▶ [WHAT THE TASK REQUIRES]: For the material below, reproduce exactly each line from the one that has "Aboriginal Fables And" through the one that has "1 x Curved C-Shaped", and no others; pictures stay out.

▶ [DATA FOR REVIEW]:
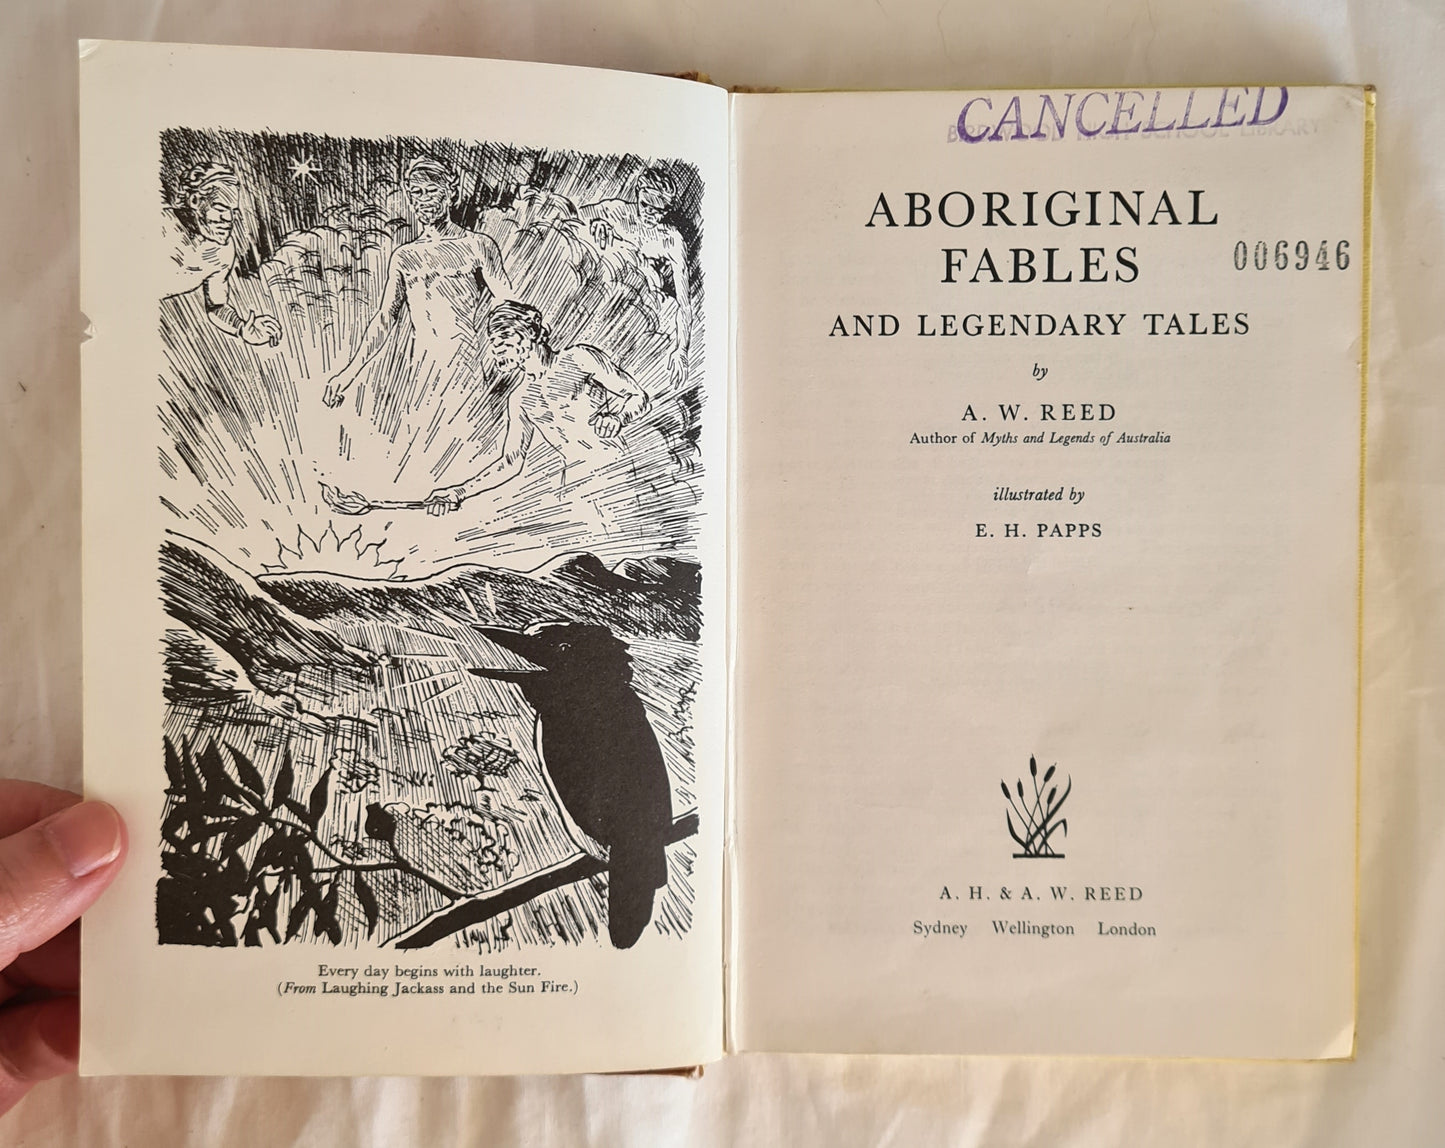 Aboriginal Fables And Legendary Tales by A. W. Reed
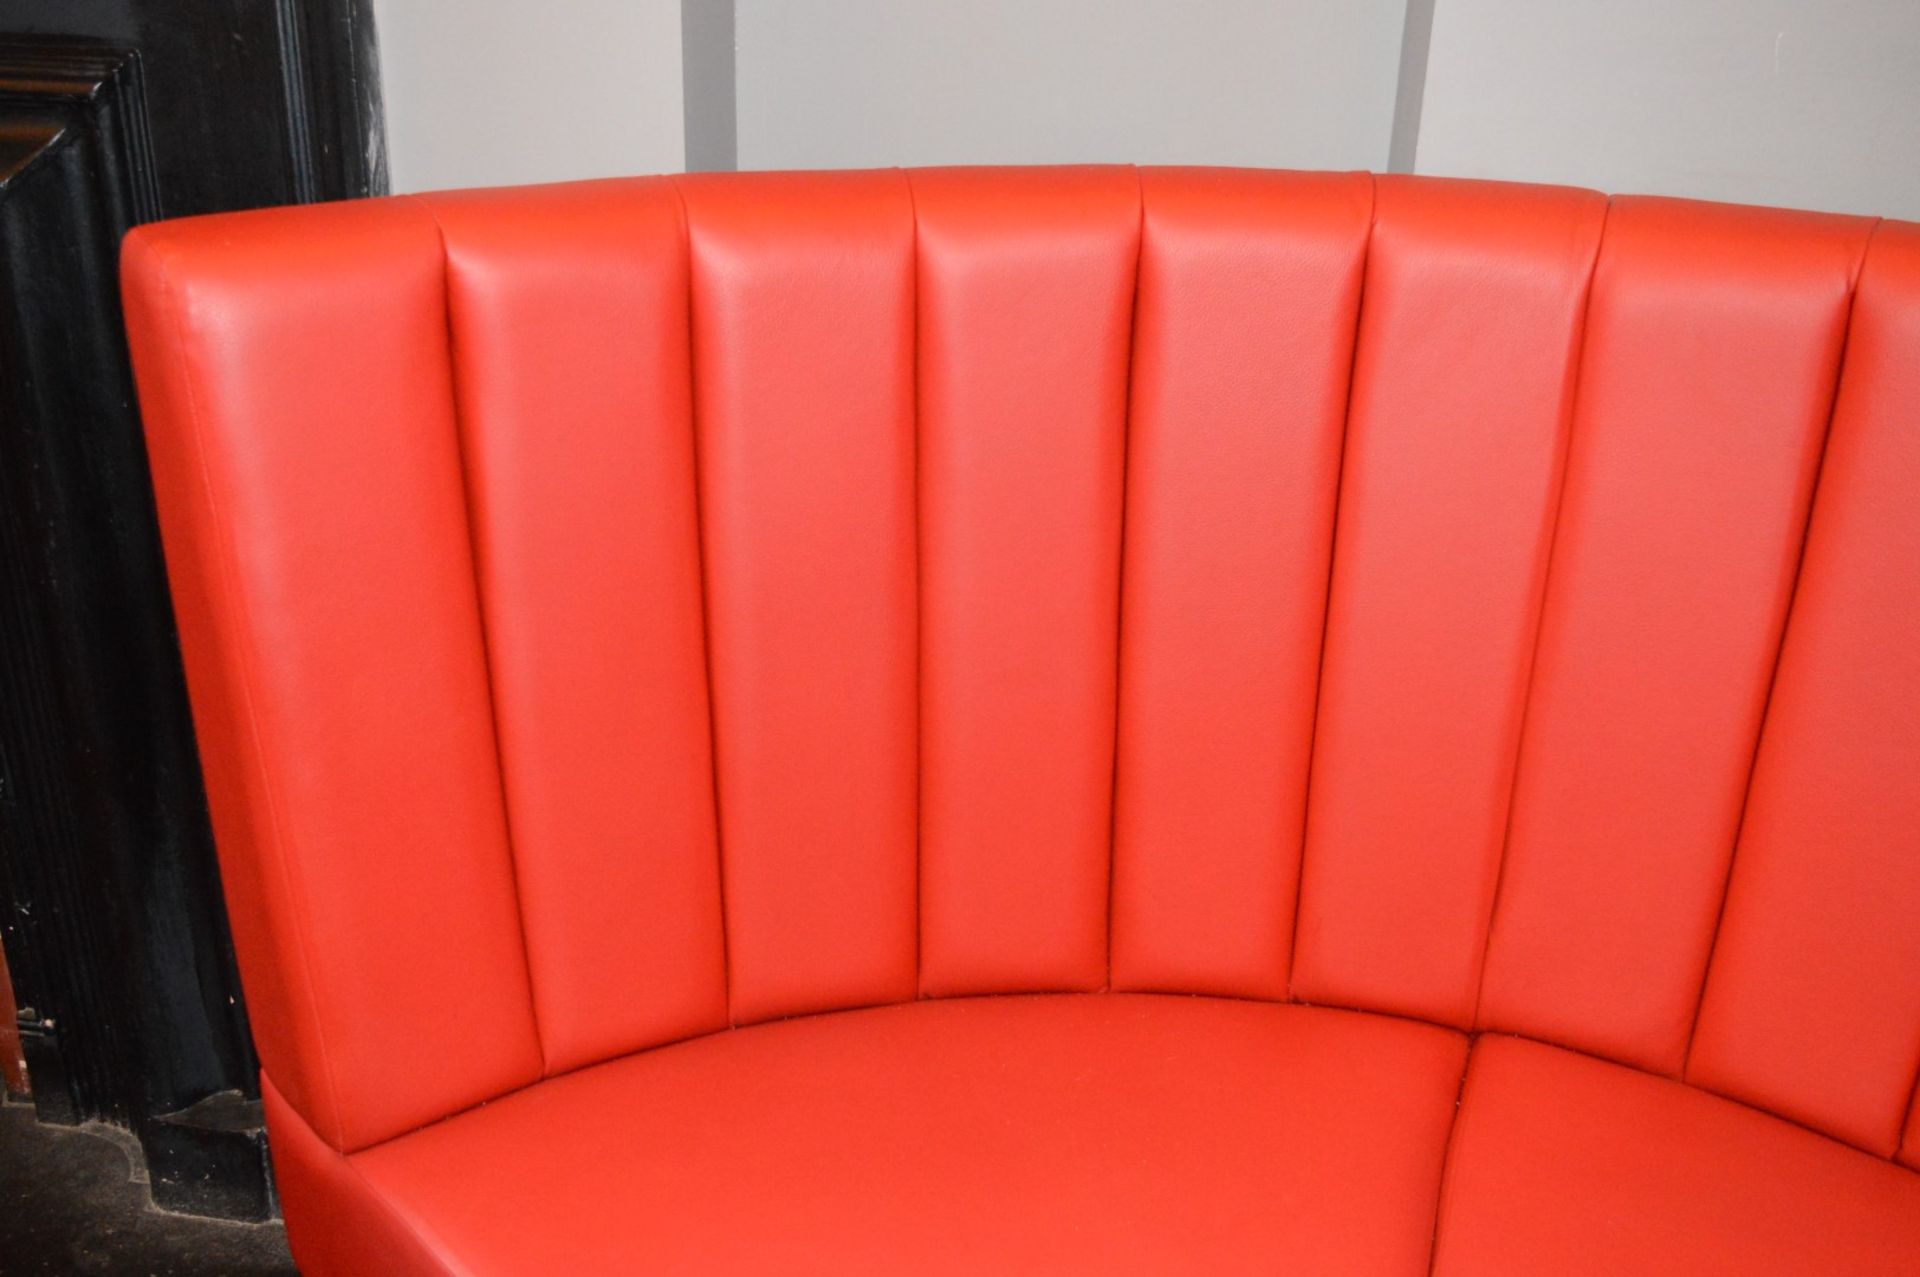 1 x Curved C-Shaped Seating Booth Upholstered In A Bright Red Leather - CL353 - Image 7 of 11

---

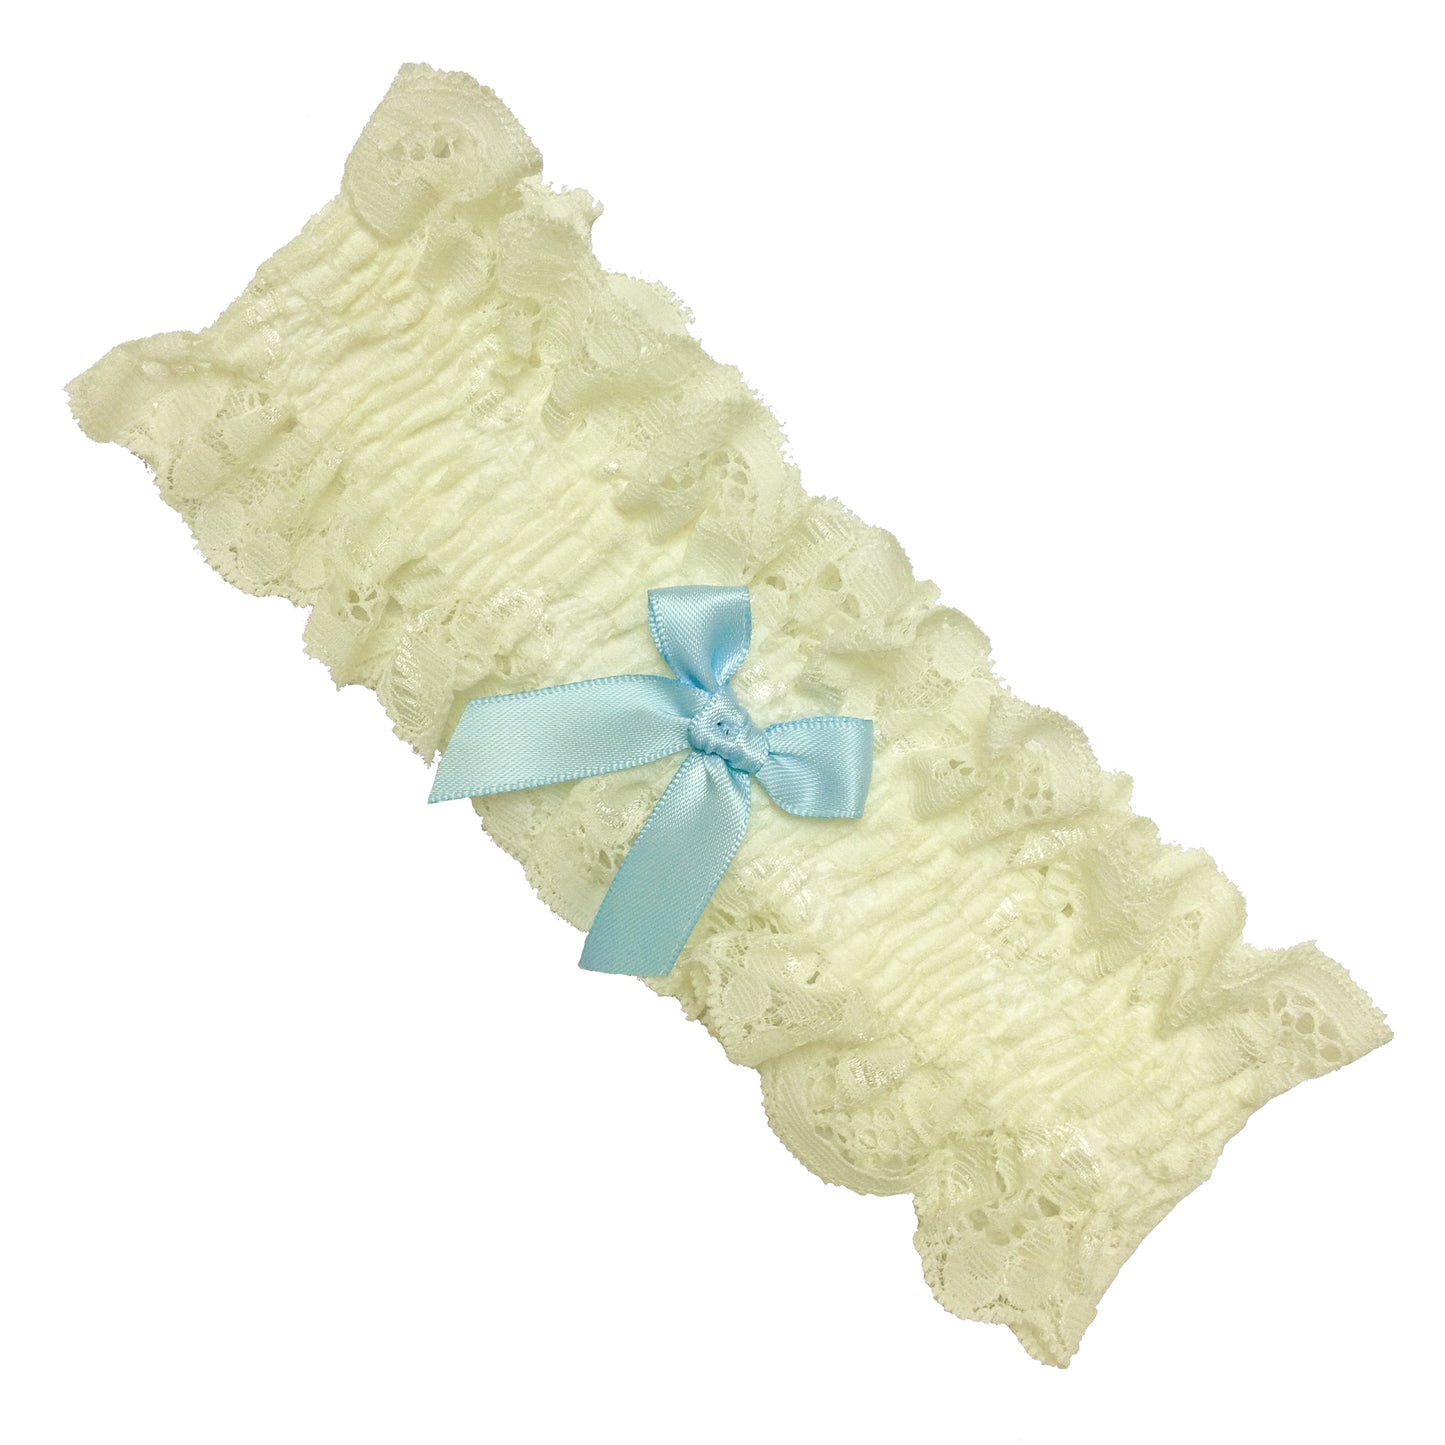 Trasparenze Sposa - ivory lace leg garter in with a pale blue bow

▶ [SOLUTION TO THE PROBLEM]:
 Aboriginal Fables And Legendary Tales by A. W. Reed
 1 x Curved C-Shaped Seating Booth Upholstered In A Bright Red Leather - CL353 - Image 7 of 11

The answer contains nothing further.